Near-Zero Power (N-Zero)
[Melissa White and Robin Ying]
Our signal processing research positions us at the intersection of machine learning and low-power hardware design. Low-power chips can “listen” passively to their surroundings for extended periods, and only “wake up” at a particular trigger, having diverse applications in defense, environmental monitoring, and health.

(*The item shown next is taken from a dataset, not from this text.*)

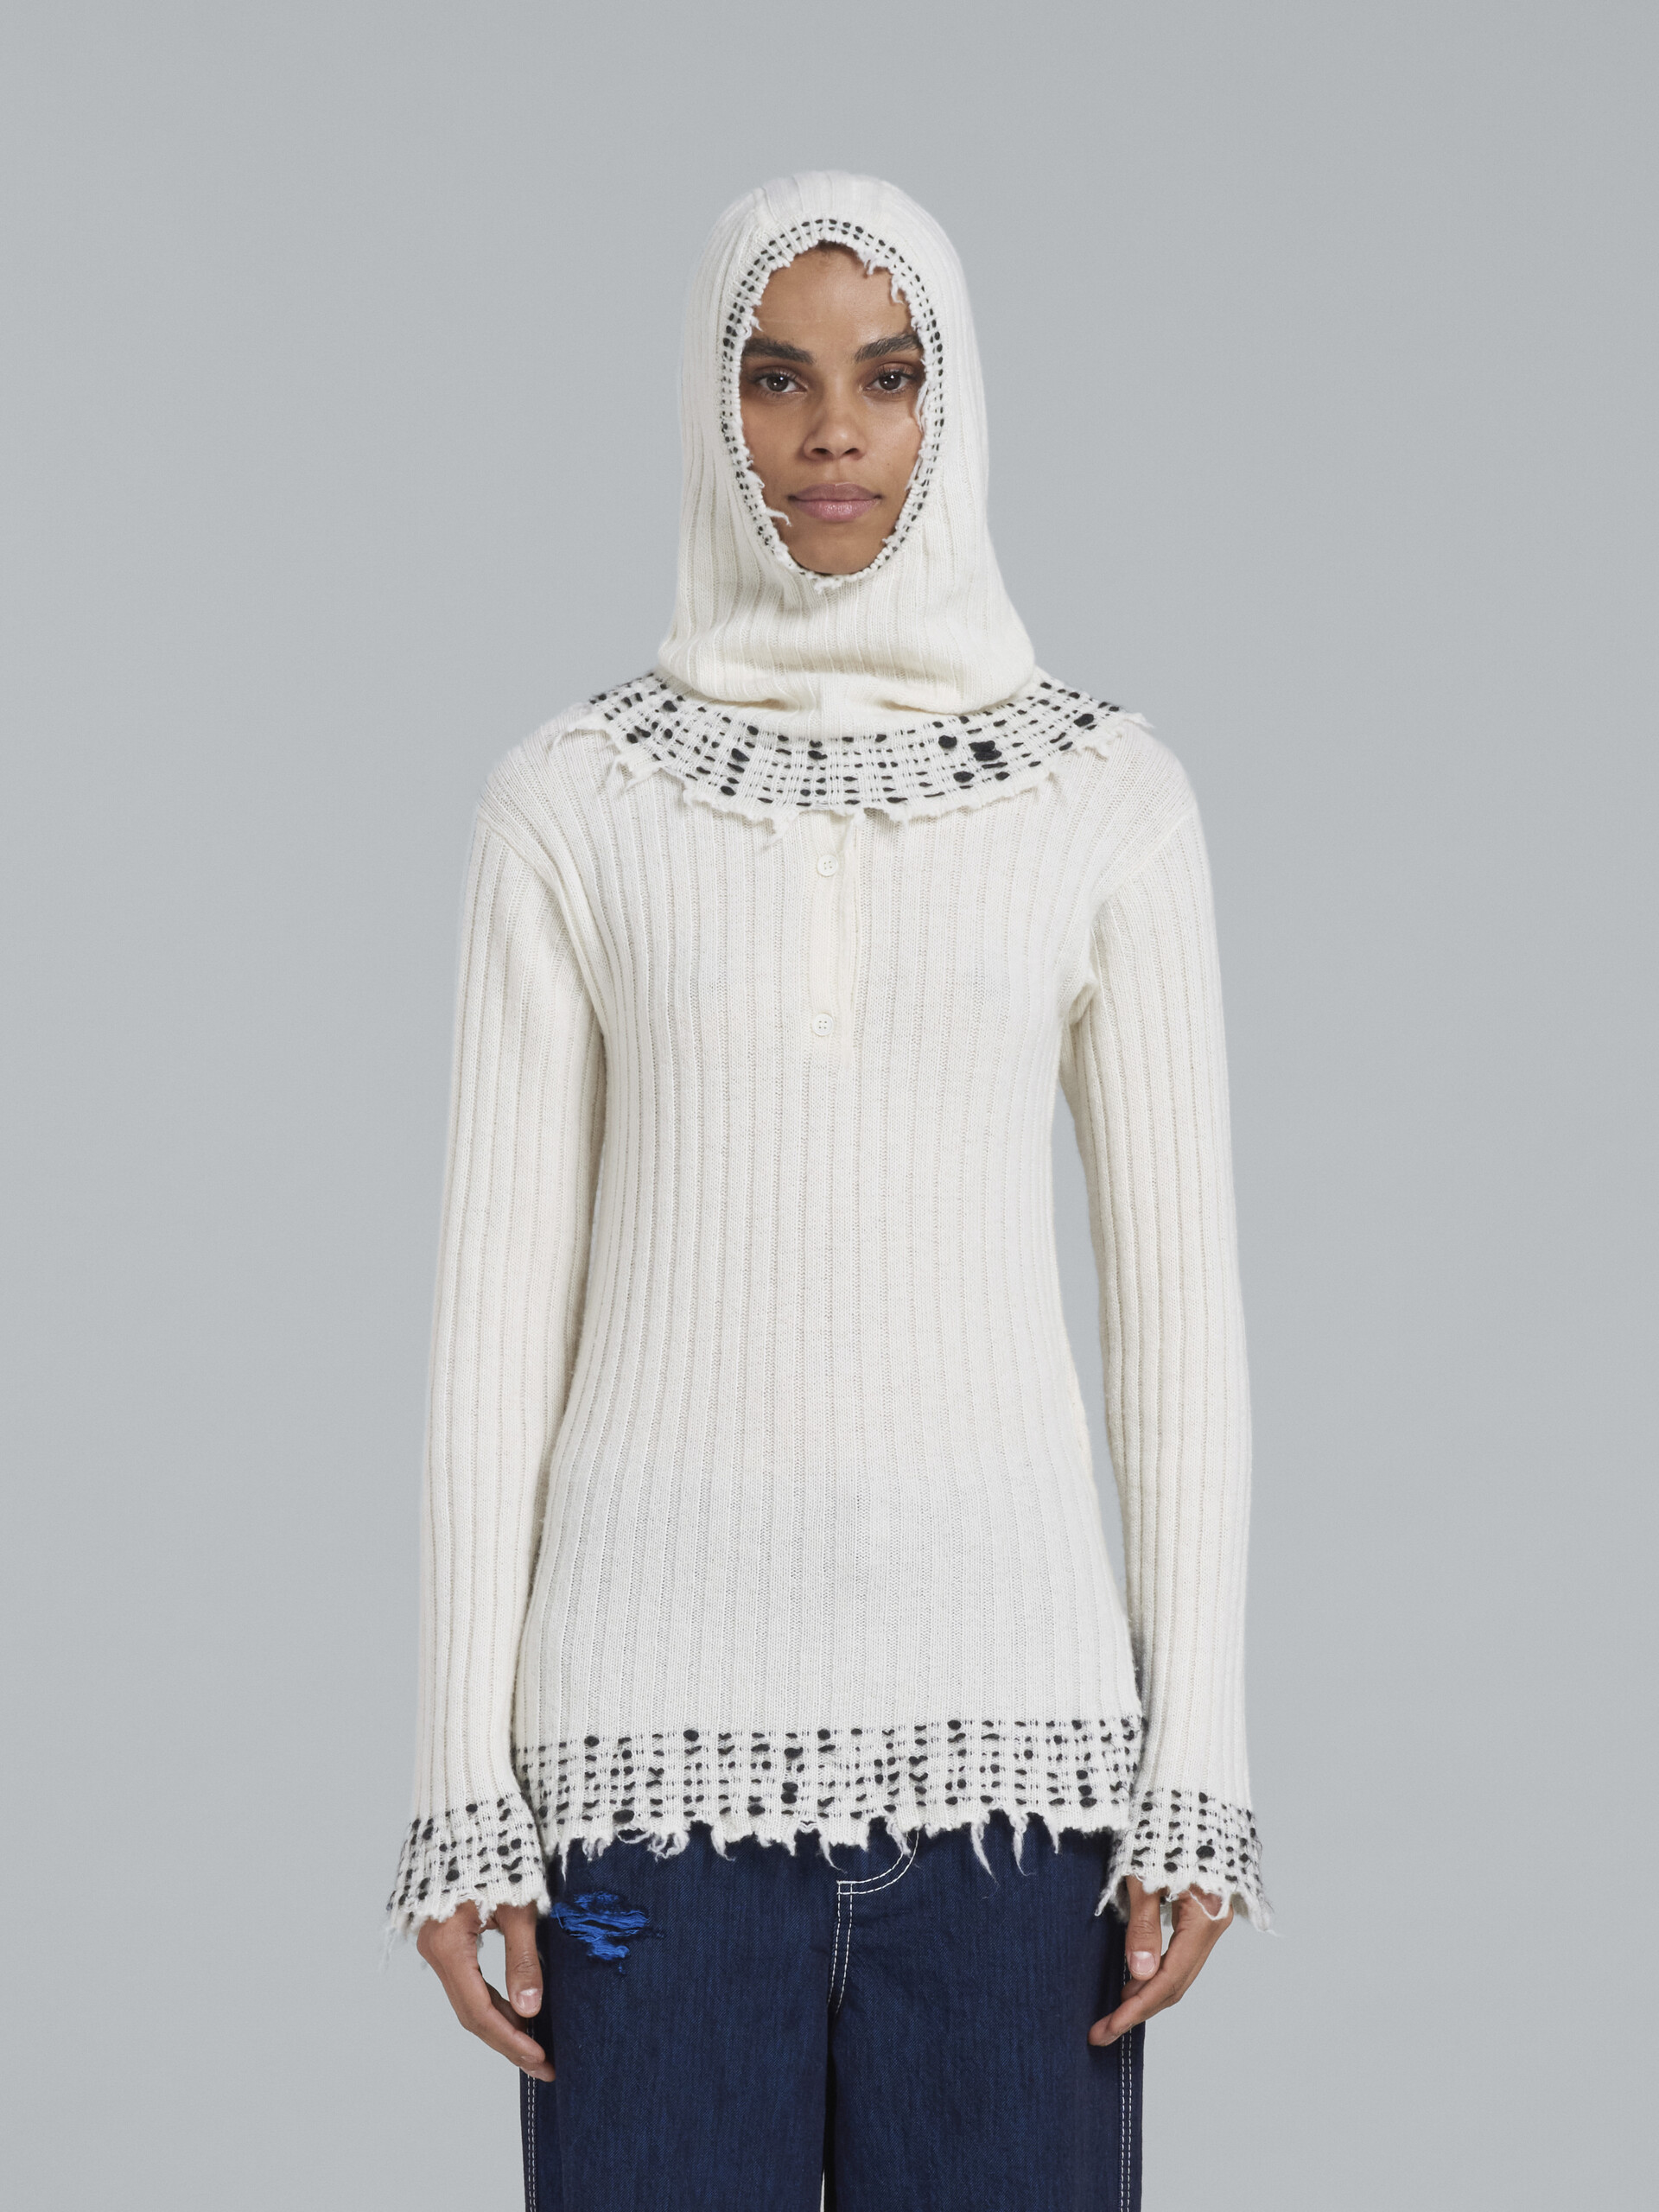 White knitted wool sweater - Pullovers - Image 2

The problems of optimization or classification are usually the purview of computer scientists who have large amounts of computing power, and design of low-power circuits focuses on other classes of problems. There is an emerging design space at the intersection of these two – where hardware power consumption places limits on allowable operations, and hardware design is guided by algorithmic approaches. We aim to address these simultaneously, using a variety of tools from classical machine learning, data processing, and programmable low-power CMOS design.
Micro-scale Opto-electrically Transduced Electrode (MOTE)
[Sunwoo Lee, Aasta P. Gandhi, Paige Trexel,
Frances Koback, and Emily P. Kuck]
Recording neural activity in live animals in vivo poses several challenges. Electrical techniques typically require electrodes to be tethered to the outside world directly via a wire, or indirectly via an RF Coil, which is much larger than the electrodes themselves. Tethered implants result in residual motion between neurons and electrodes as the brain moves, and limits our ability to measure from peripheral nerves in moving animals, especially in smaller organisms such as zebra fish or fruit flies. On the other hand, optical techniques, which are becoming increasingly powerful, are nonetheless often limited to subsets of neurons in any given organism, impeded by scattering of the excitation light and emitted fluorescence, and limited to low temporal resolution. MOTE entails the electronics for an untethered electrode unit, powered by, and communicating through a microscale optical interface, combining many benefits of optical techniques with high temporal-resolution recording of electrical signals.
By combining very compact amplification and digitization of neural signals with angle sensitive pixels, we are building multi-hundred active electrode arrays intermingled with lensless imaging for simultaneous opto-electronic recording of neural tissue. We are also building on this, combined with techniques we have developed for low power, low noise neural recording to ultimately develop implantable opto-electronic neural probes.